Training transformer on Cloud TPU (TF 2.x)

Transformer is a neural network architecture that solves sequence to sequence problems using attention mechanisms. Unlike traditional neural seq2seq models, Transformer does not involve recurrent connections. The attention mechanism learns dependencies between tokens in two sequences. Since attention weights apply to all tokens in the sequences, the Transformer model is able to easily capture long-distance dependencies.

Transformer's overall structure follows the standard encoder-decoder pattern. The encoder uses self-attention to compute a representation of the input sequence.
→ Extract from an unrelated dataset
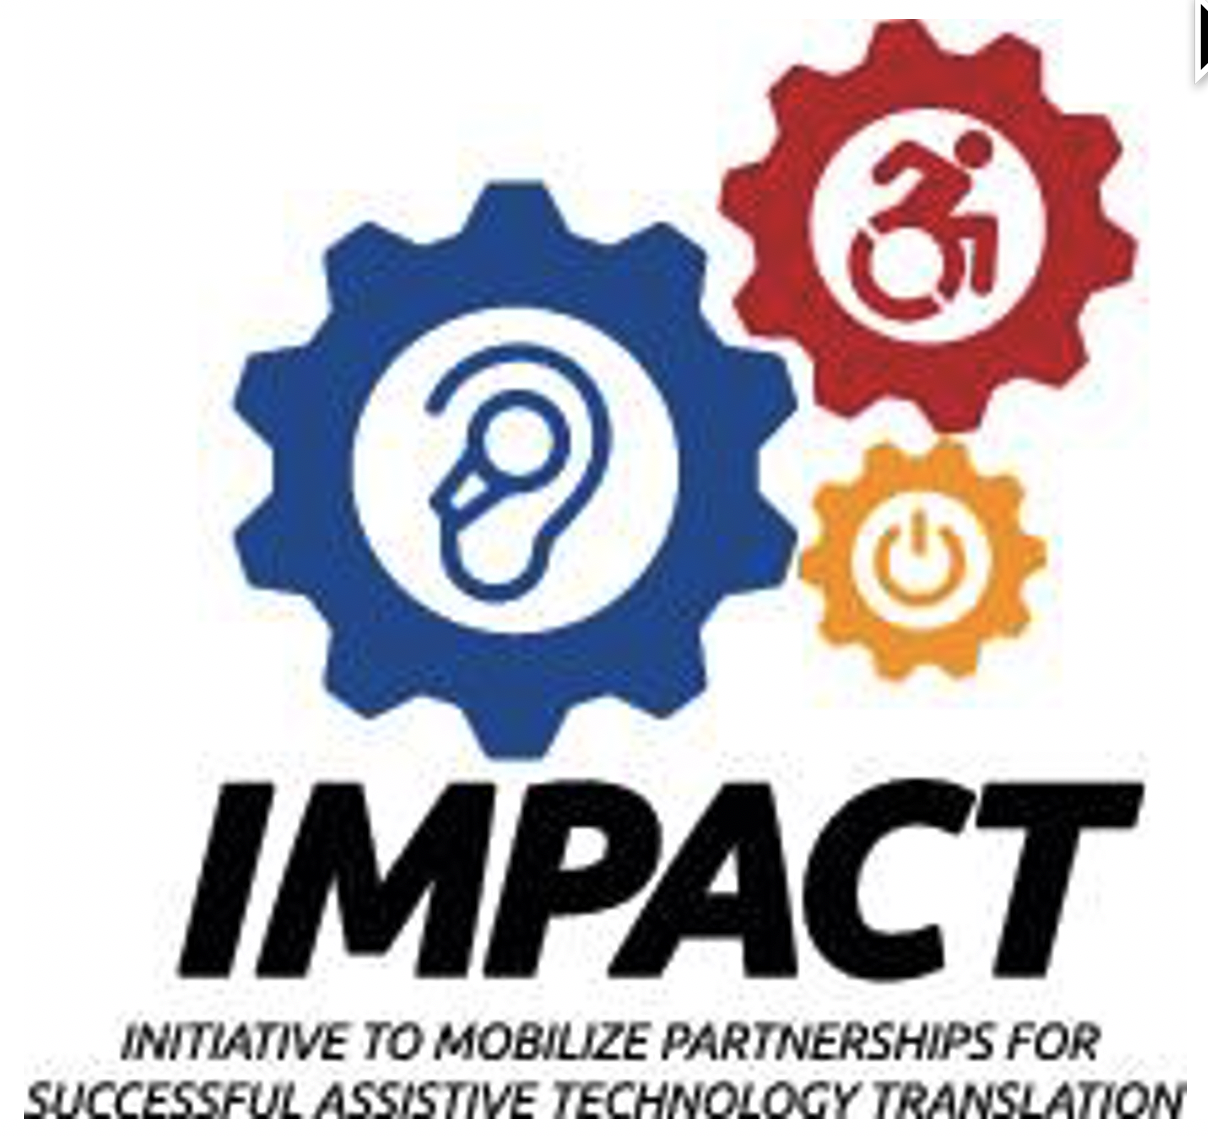 Impact Logo

The decoder generates the output sequence one token at a time, taking the encoder output and previous decoder-outputted tokens as inputs.
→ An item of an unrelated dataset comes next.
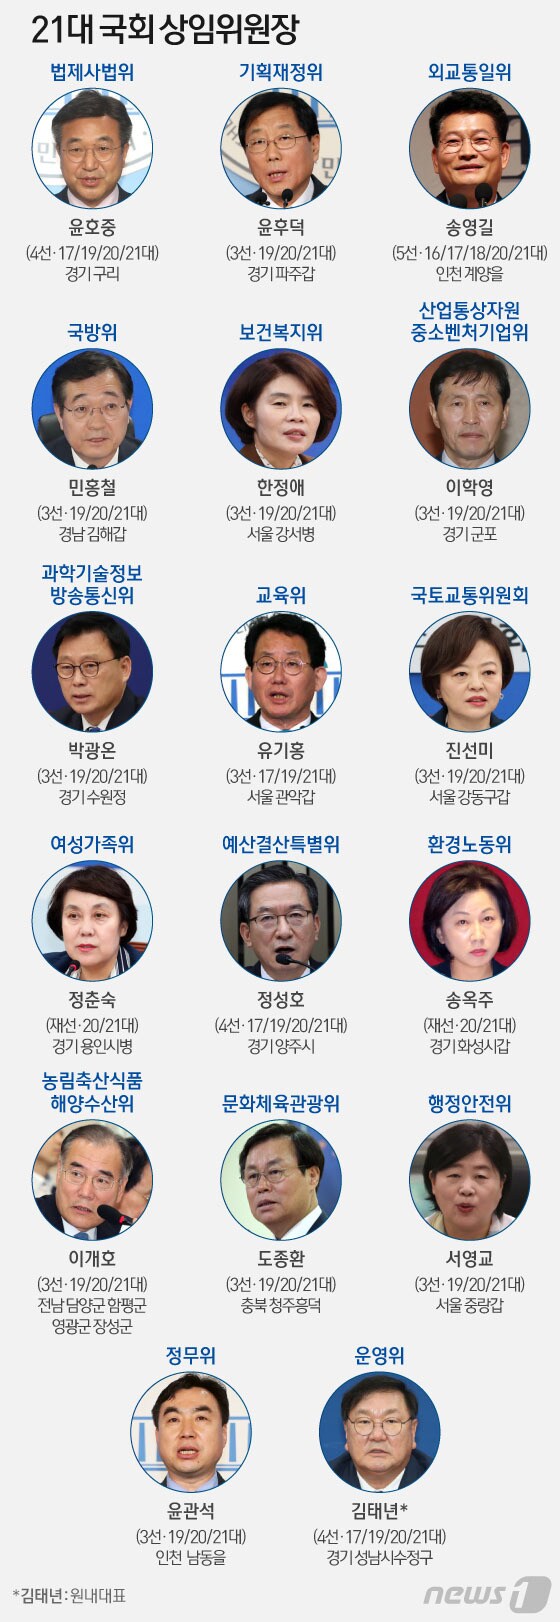 [그래픽] 21대 국회 전반기 상임위원장 선출

The model also applies embeddings on the input and output tokens, and adds a constant positional encoding. The positional encoding adds information about the position of each token.

Costs

This tutorial uses billable components of Google Cloud, including:

  • Compute Engine
  • Cloud TPU

Use the pricing calculator to generate a cost estimate based on your projected usage. New Google Cloud users might be eligible for a free trial.

Before you begin

If you plan to train on a TPU Pod slice, please make sure you go over this document that explains the special considerations when training on a Pod slice.
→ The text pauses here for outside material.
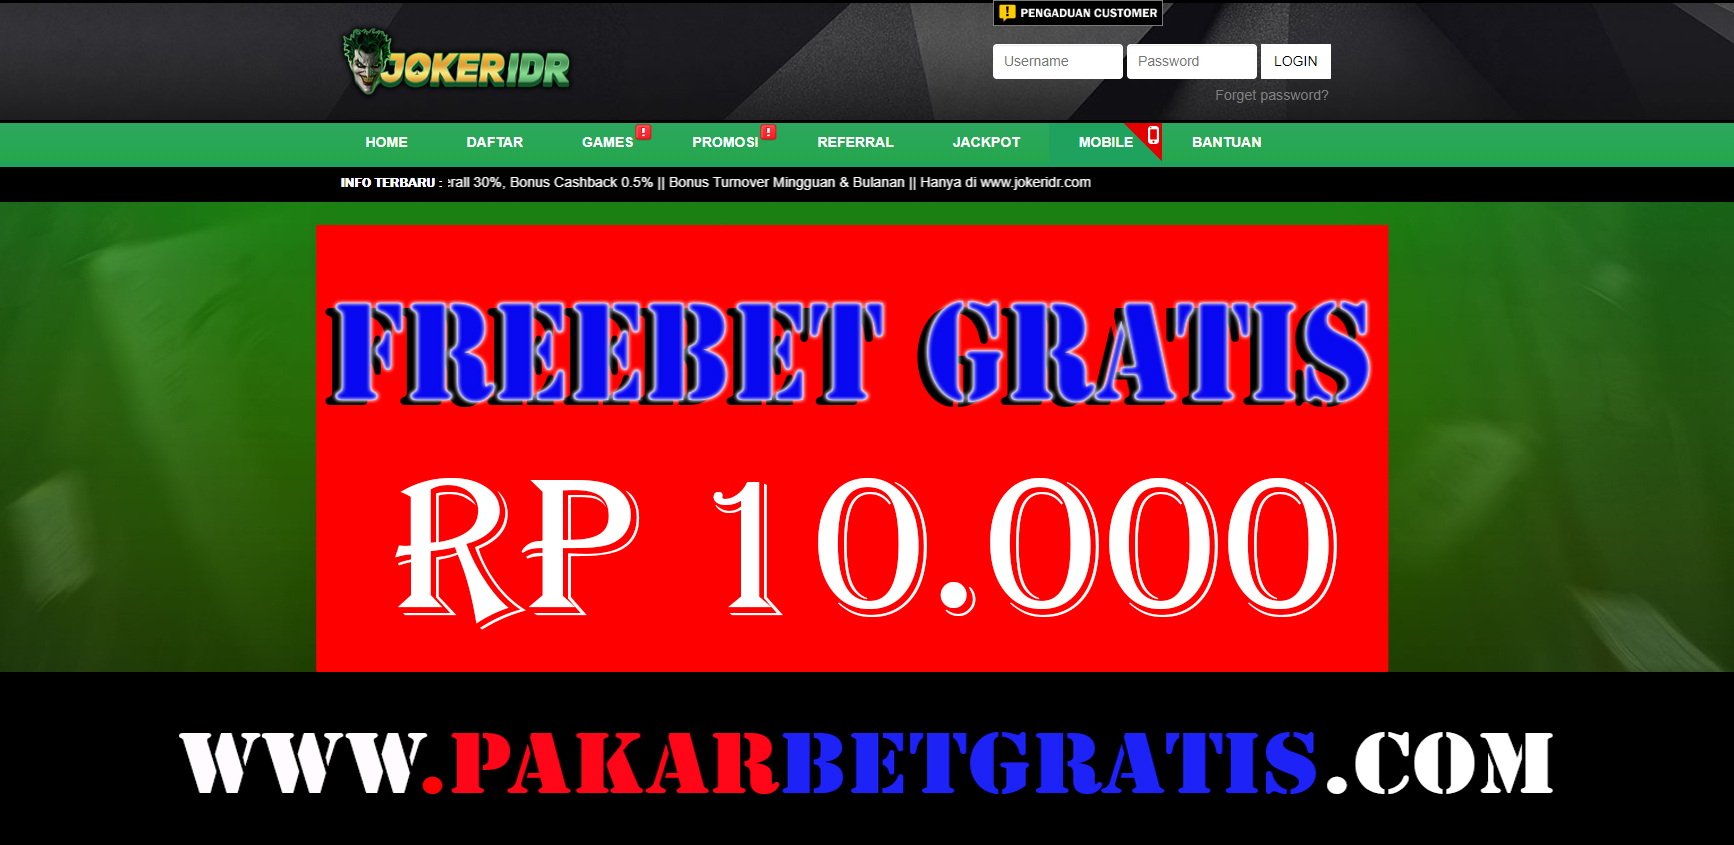 Freebet gratis JokerIDr Gratis RP 10.000

Before starting this tutorial, follow the steps below to check that your Google Cloud project is correctly set up.

  1. Open a Cloud Shell window.

    Open Cloud Shell

  2. Create a variable for your project's ID.

    export PROJECT_ID=project-id
    
  3. Configure gcloud command-line tool to use the project where you want to create Cloud TPU.

    gcloud config set project ${PROJECT_ID}
    
  4. Create a Cloud Storage bucket using the following command:

    gsutil mb -p ${PROJECT_ID} -c standard -l europe-west4 -b on gs://bucket-name
    
  5. Launch a Compute Engine VM using the ctpu up command. This example sets the zone to europe-west4-a, but you can set it to whatever zone you are planning to use for the Compute Engine VM and Cloud TPU.

    ctpu up --vm-only \
     --disk-size-gb=300 \
     --machine-type=n1-standard-8 \
     --zone=europe-west4-a \
     --tf-version=2.2 \
     --name=transformer-tutorial
    

    Command flag descriptions

    vm-only
    Create a VM only. By default the ctpu up command creates a VM and a Cloud TPU.
    disk-size-gb
    The size of the disk for the VM in GB.
    machine_type
    The machine type of the VM the ctpu up command creates.
    zone
    The zone where you plan to create your Cloud TPU.
    tpu-size
    The type of the Cloud TPU to create.
    tf-version
    The version of Tensorflow ctpu installs on the VM.
    name
    The name of the Cloud TPU to create.

    For more information on the CTPU utility, see the CTPU Reference.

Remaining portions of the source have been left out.